Answer
It makes sense
Work Step by Step
Suppose we have to determine:
$$E=\dfrac{f(x)}{h(x)}-\dfrac{g(x)}{h(x)}=\dfrac{f(x)-g(x)}{h(x)},$$
where $g(x)=a_nx^n+a_{n-1}x^{n-1}+\dots+a_1x+a_0$.

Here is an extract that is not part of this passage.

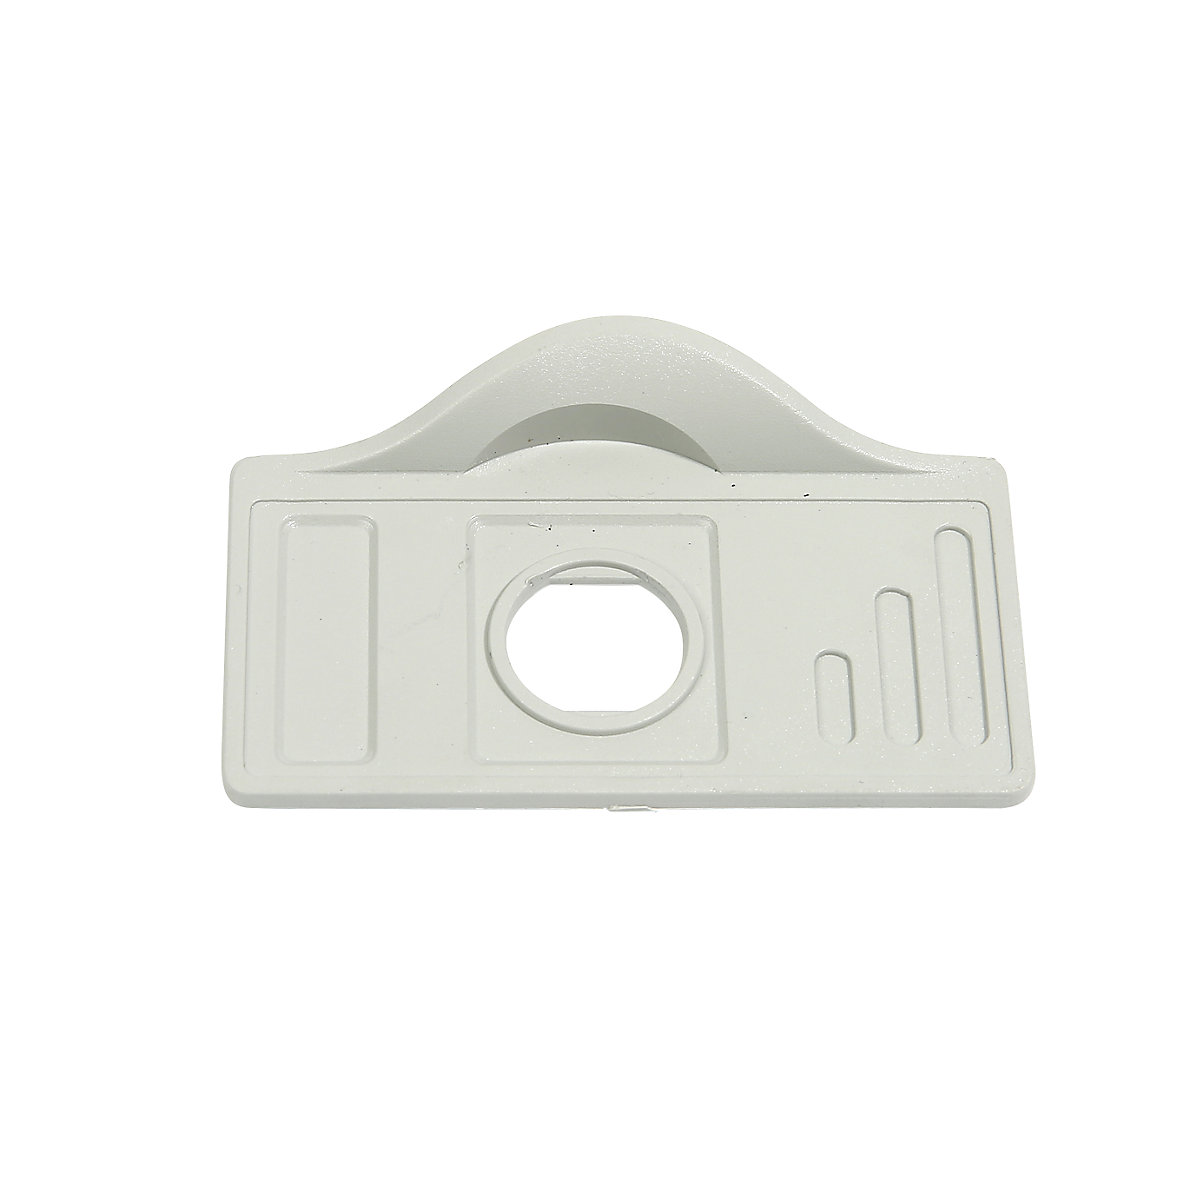 Lock cover plate

As usually the coefficients $a_k$ have different signs, in order to prevent mistakes caused by wrong signs when subtracting $g(x)$, it is a good idea, instead of subtracting each term directly, to write:
$$\begin{align*}
E&=\dfrac{f(x)-(a_nx^n+a_{n-1}x^{n-1}+\dots+a_1x+a_0)}{h(x)}\\
&=\dfrac{f(x)-a_nx^n-a_{n-1}x^{n-1}-\dots-a_1x-a_0}{h(x)}
\end{align*}$$
because this way we can distribute the negative sign to each term without the risk of making mistakes.
For example:
$$\begin{align*}
E&=\dfrac{10x^4}{2x+3}-\dfrac{7x^3-3x^2+4x-1}{2x+3}\\
&=\dfrac{10x^4-(7x^3-3x^2+4x-1)}{2x+3}\\
&=\dfrac{10x^4-7x^3+3x^2-4x+1}{2x+3}
\end{align*}$$
So the statement makes sense.